Plus de deux cents ans après la disparition de l’Empire romain germanique, il est fascinant de mesurer les difficultés avec lesquelles le Royaume-Uni tente d’être simplement reconnu comme un Etat tiers à part entière. En fait d’ « ambition », pour reprendre l’emphase protectionniste de Barnier, celle des conservateurs britanniques, présentés sur le continent comme le parti « du repli », est en réalité d’un autre ordre : multiplier d’ambitieux accords commerciaux dans le monde. Sur des bases d’égalité juridique et de réciprocité. En commençant par de “modestes” Etats comme l’Australie, puis les USA et la Chine si possible. L’Europe pouvant attendre un peu, surtout si cela l’incite à se rendre compte à quel point elle aussi demandeuse (pour autant qu’elle en soit capable sur le plan idéologique). 

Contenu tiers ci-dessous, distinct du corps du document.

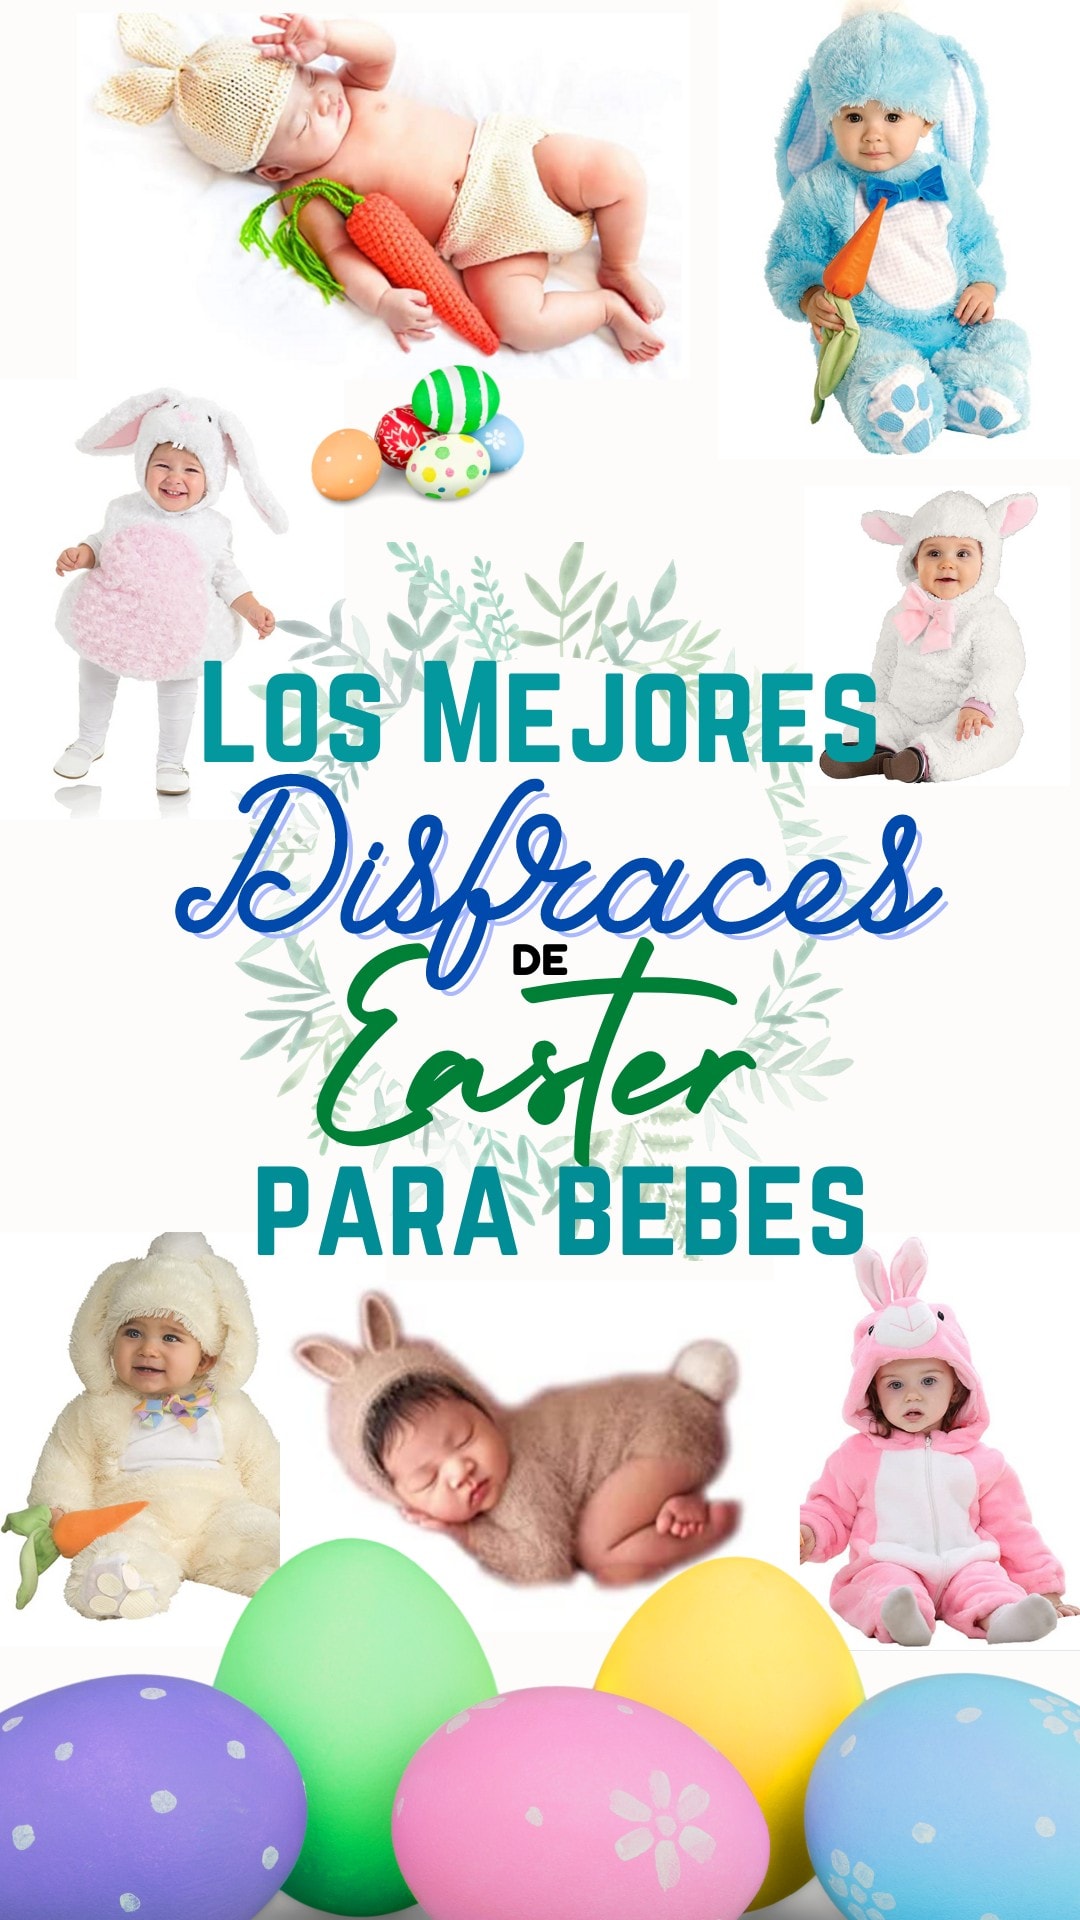 Los Mejores disfraces de Easter para bebés
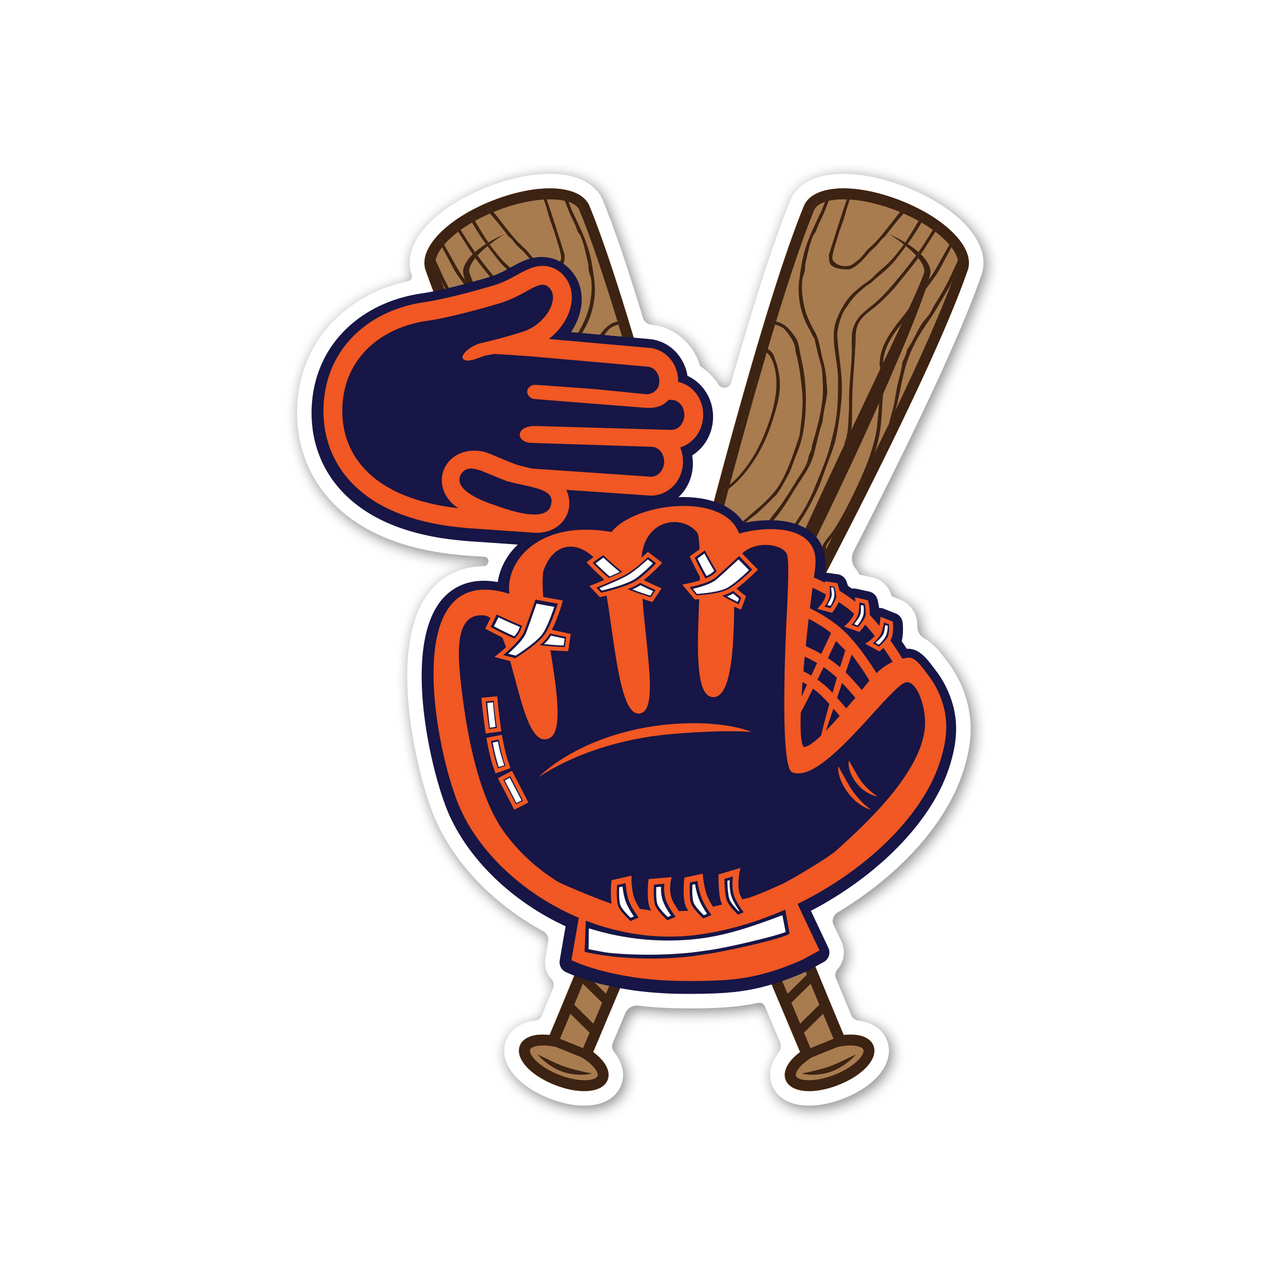 Baseball in the Mitt Sticker

« Les protectionnistes gagnent du terrain, déclarait Johnson le 3 février dernier devant un auditoire de diplomates à Londres. De Bruxelles à la Chine en passant par Washington, les tarifs douaniers sont brandis comme des gourdins. La raison pour laquelle nous renonçons à toute appartenance à une union douanière, ou à quelque alignement que ce soit, c’est que nous voulons faire du Royaume-Uni un acteur indépendant et un catalyseur de commerce dans le monde.»

La raison pour laquelle nous renonçons à quelque alignement que ce soit, c’est que nous voulons faire du Royaume-Uni un acteur indépendant des grandes puissances, et un catalyseur de commerce dans le monde.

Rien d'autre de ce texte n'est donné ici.